> EXERCISE AIM
Each line below must be set down exactly; omit any image you find.

==== INFORMATION SHOWN ====

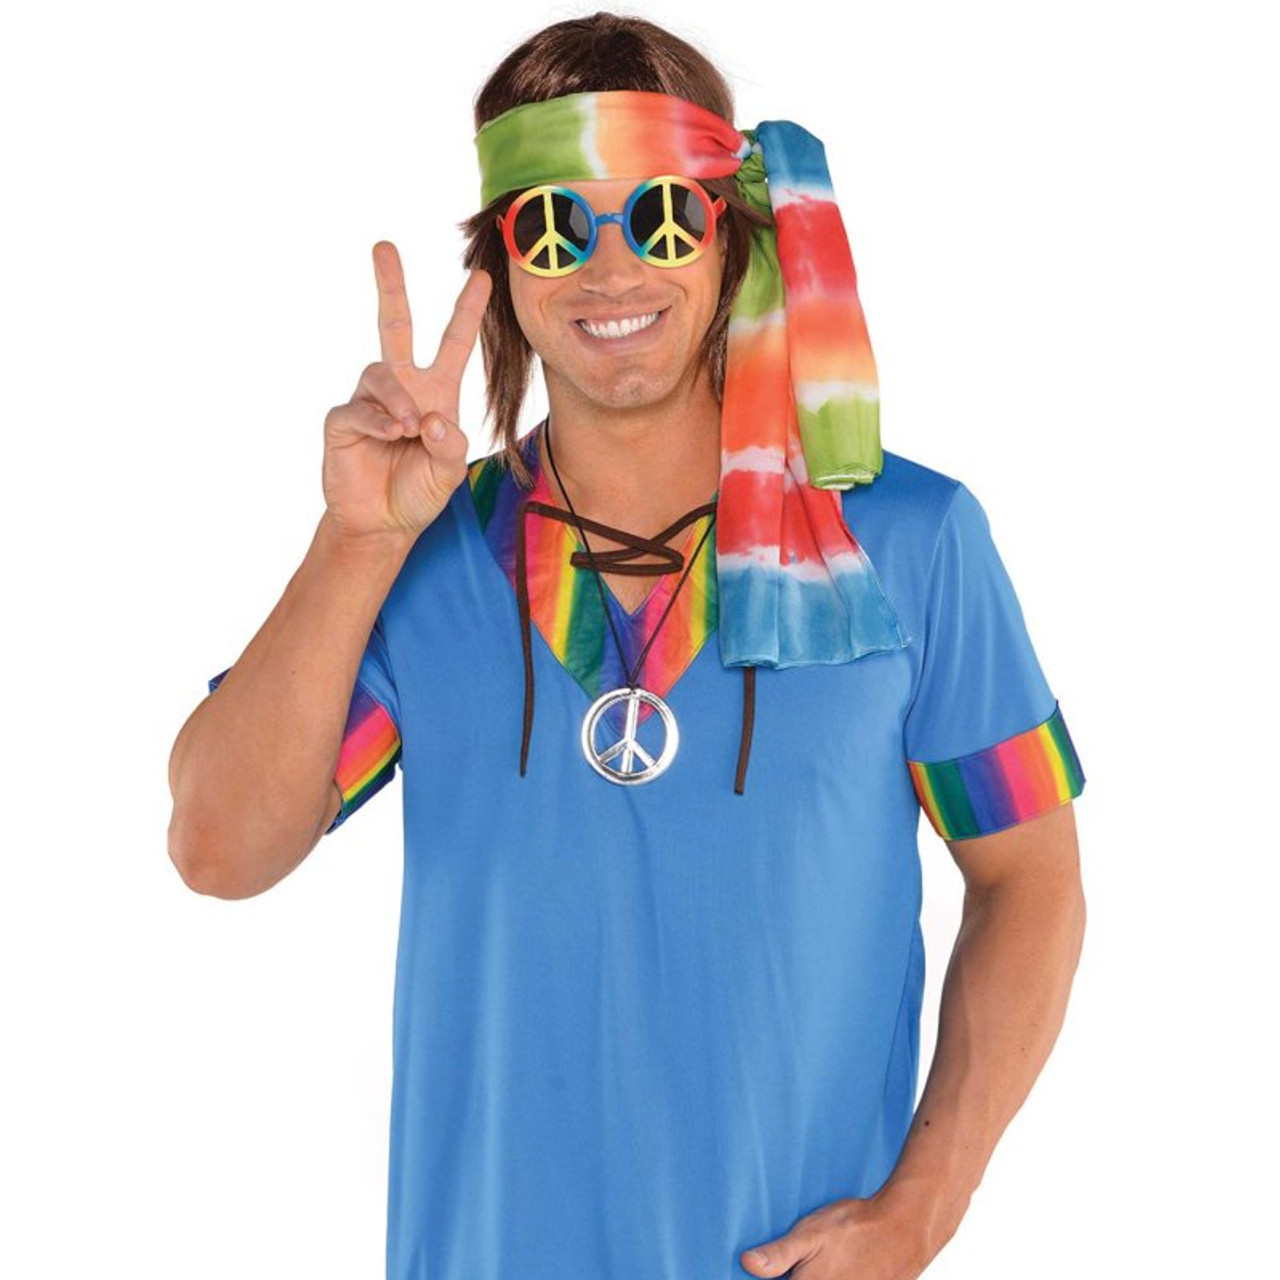 Hippie Costume Set Hippie Accessories Include Peace Sign Necklace
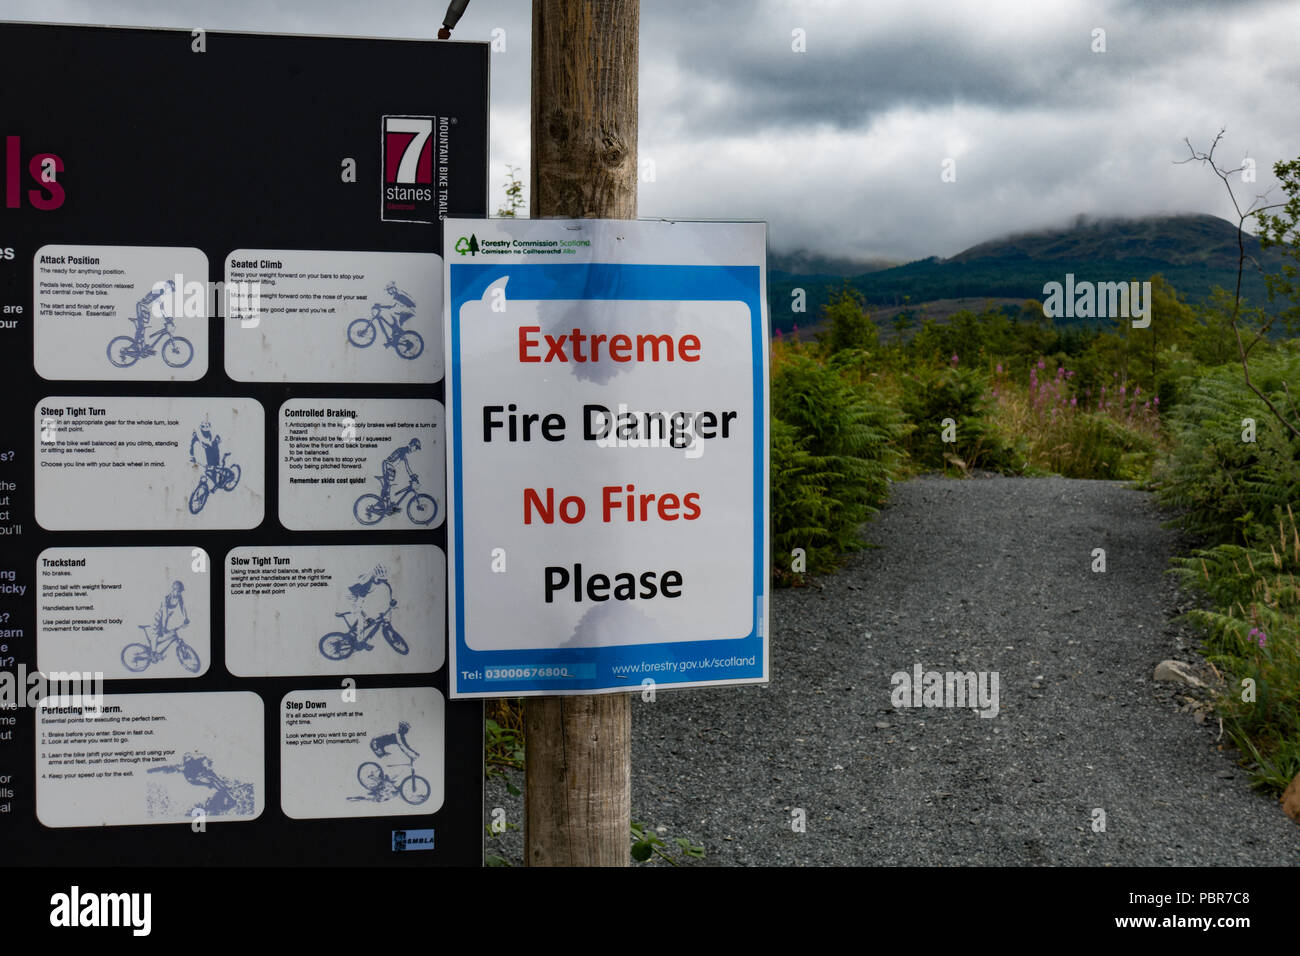 Fire danger sign Galloway Forest. Scotland Stock Photo
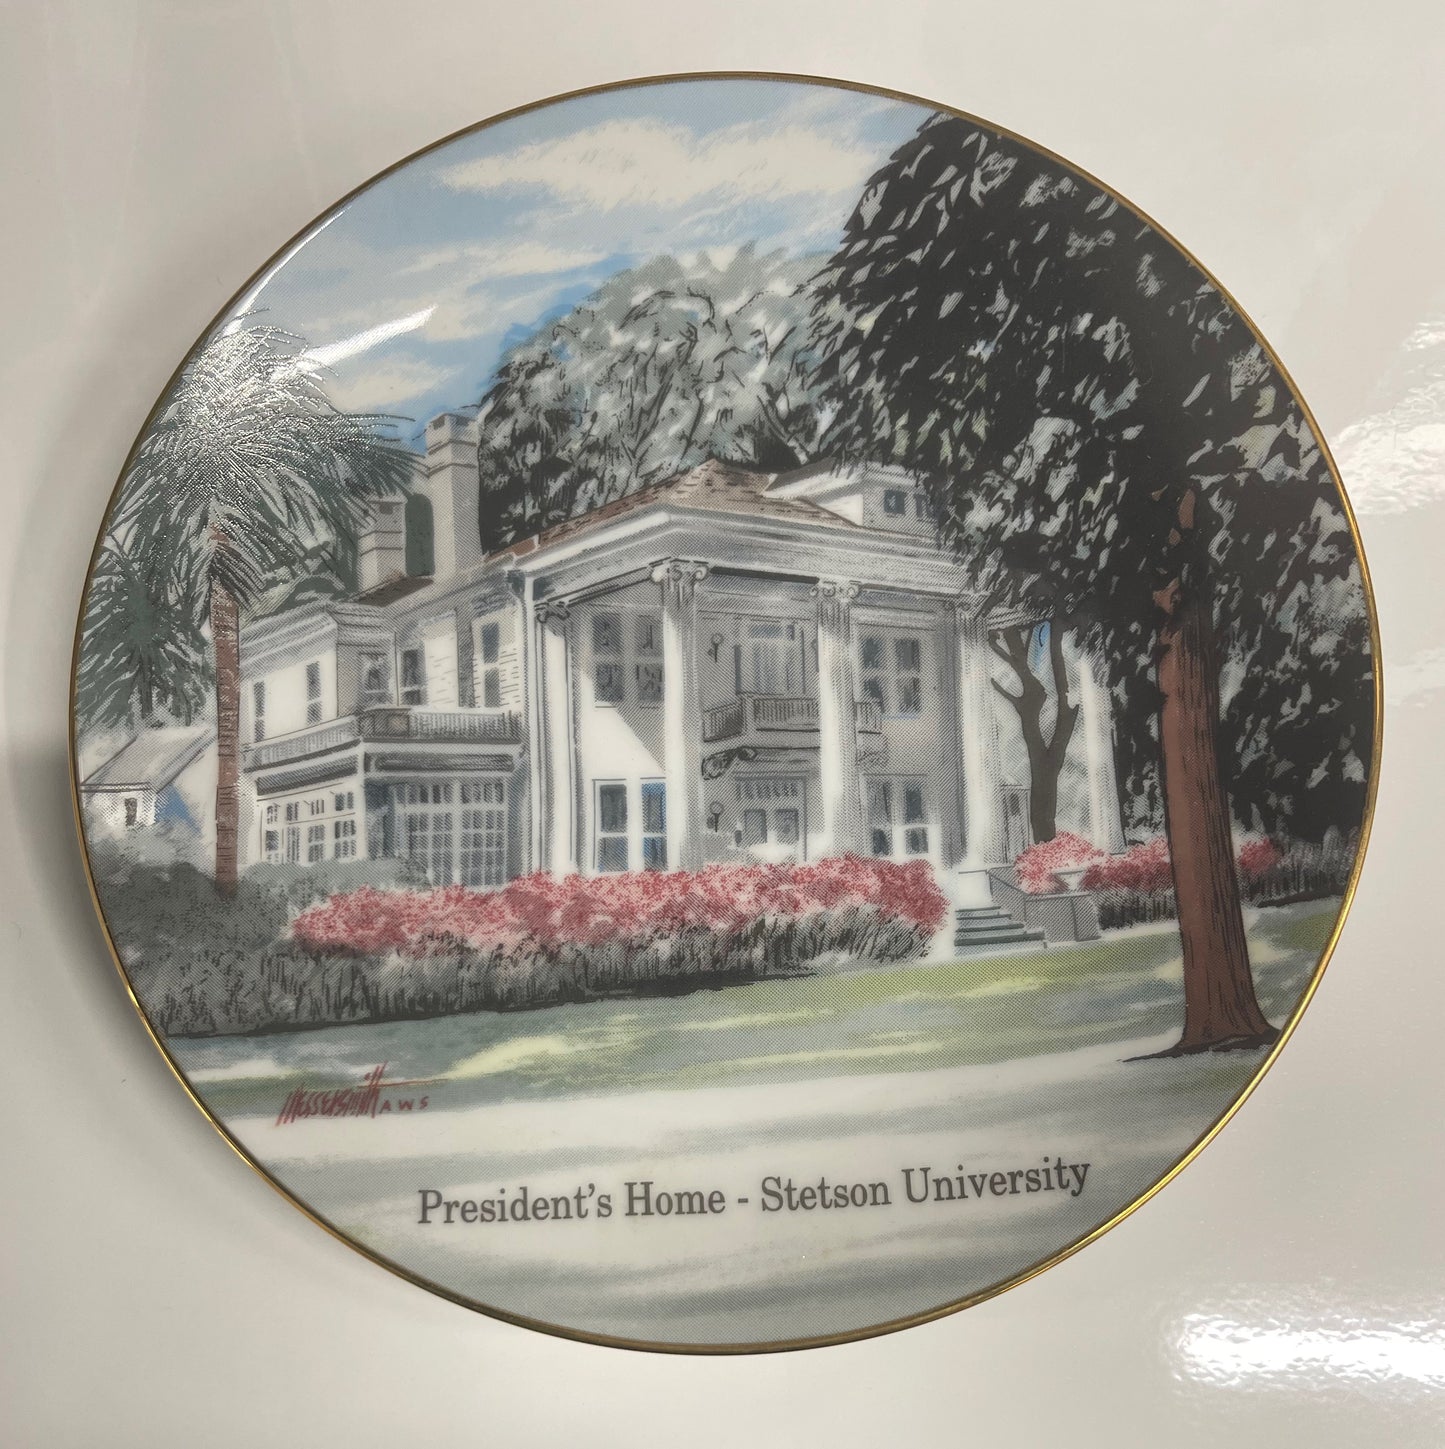 Stetson University 7 inch Plate - 4 - President's House 1991

====

> TASK RESPONSE
 Hippie Costume Set Hippie Accessories Include Peace Sign Necklace
 Fire danger sign Galloway Forest. Scotland Stock Photo
 Stetson University 7 inch Plate - 4 - President's House 1991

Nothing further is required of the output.